As a learning project for Python, I am attempting to read all Excel files in a directory and extract the names of all the sheets.
I have been trying several available Python modules to do this (pandas
in this example), but am running into an issue with most of them depending on openpyxl
.
This is my current code:
import os
import pandas
directory_root = 'D:\\testFiles'
# Dict to hold all files, stats
all_files = {}
for _current_path, _dirs_in_path, _files_in_path in os.walk(directory_root):
# Add all files to this `all_files`
for _file in _files_in_path:
# Extract filesystem stats from the file
_stats = os.stat(os.path.join(_current_path, _file))
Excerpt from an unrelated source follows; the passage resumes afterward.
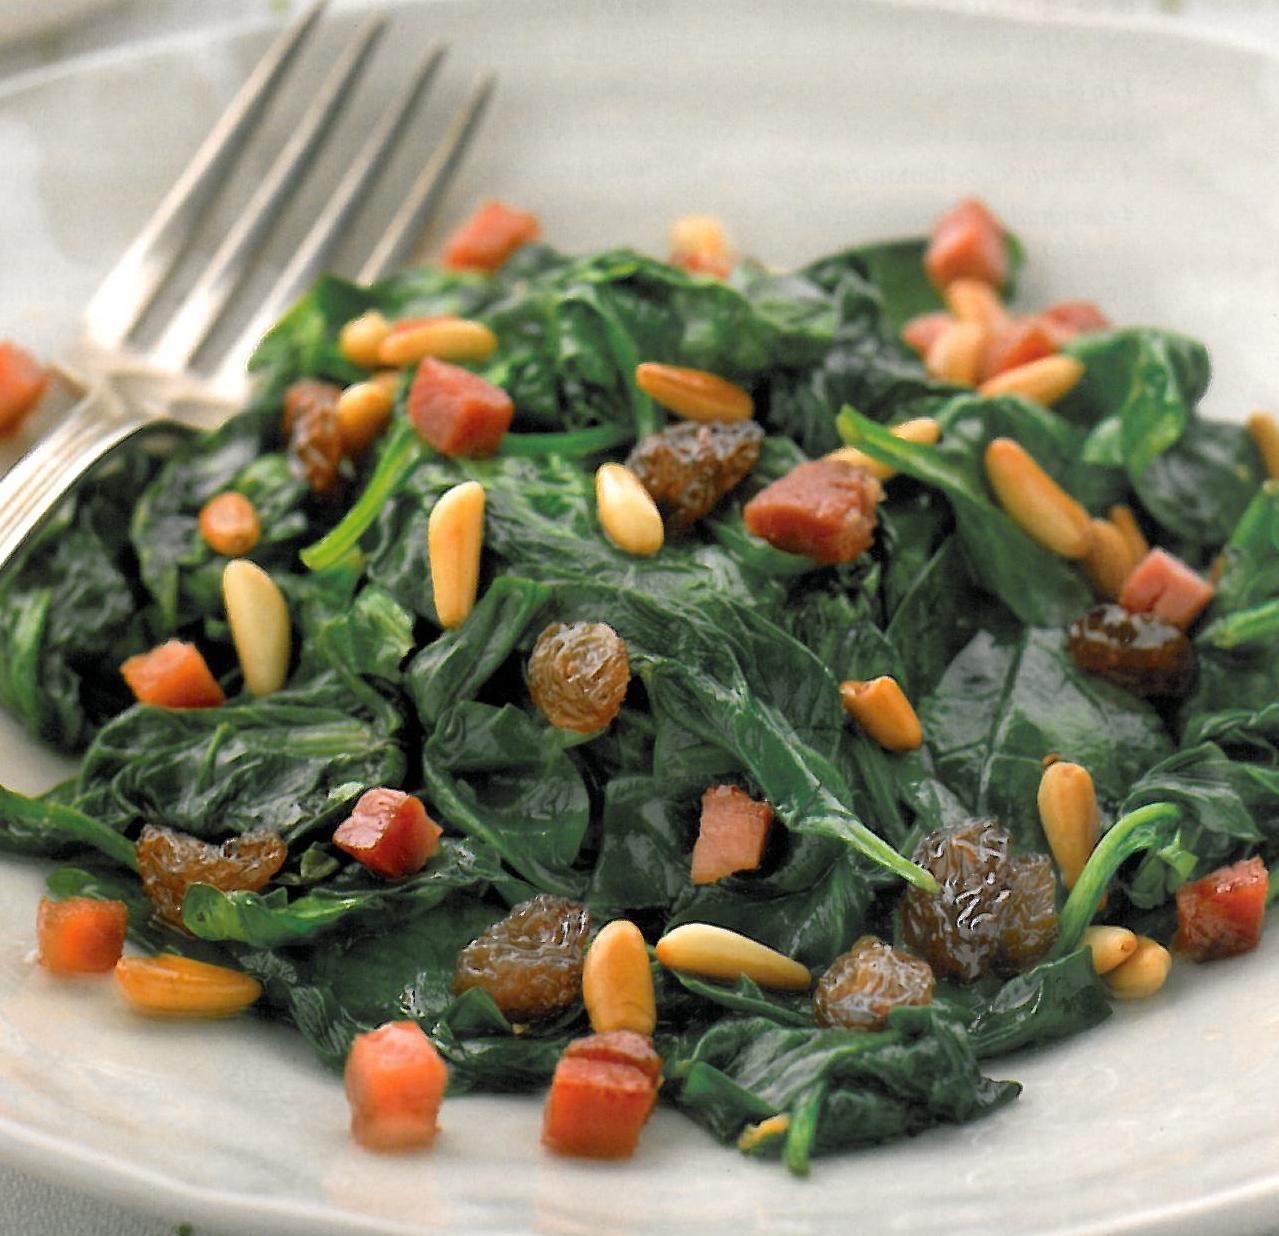 Spinach with Raisins and Pine Nuts

# Add the full file path and its stats to the `all_files` dict.
all_files[os.path.join(_current_path, _file)] = _stats
# Loop through all found files to extract the sheet names
for _file in all_files:
# Open the workbook
xls = pandas.ExcelFile(_file)
# Loop through all sheets in the workbook
for _sheet in xls.sheet_names():
print(_sheet)
This raises an error from openpyxl
when calling pandas.ExcelFile()
: ValueError: Max value is 14
.
From what I can find online, this is because the file contains a font family above 14. How do I read from an Excel (xlsx) file while disregarding any existing formatting?
The only potential solution I could find suggests modifying the original file and removing the formatting, but this is not an option as I do not want to modify the files in any way.
Is there another way to do this that doesn't have this formatting limitation?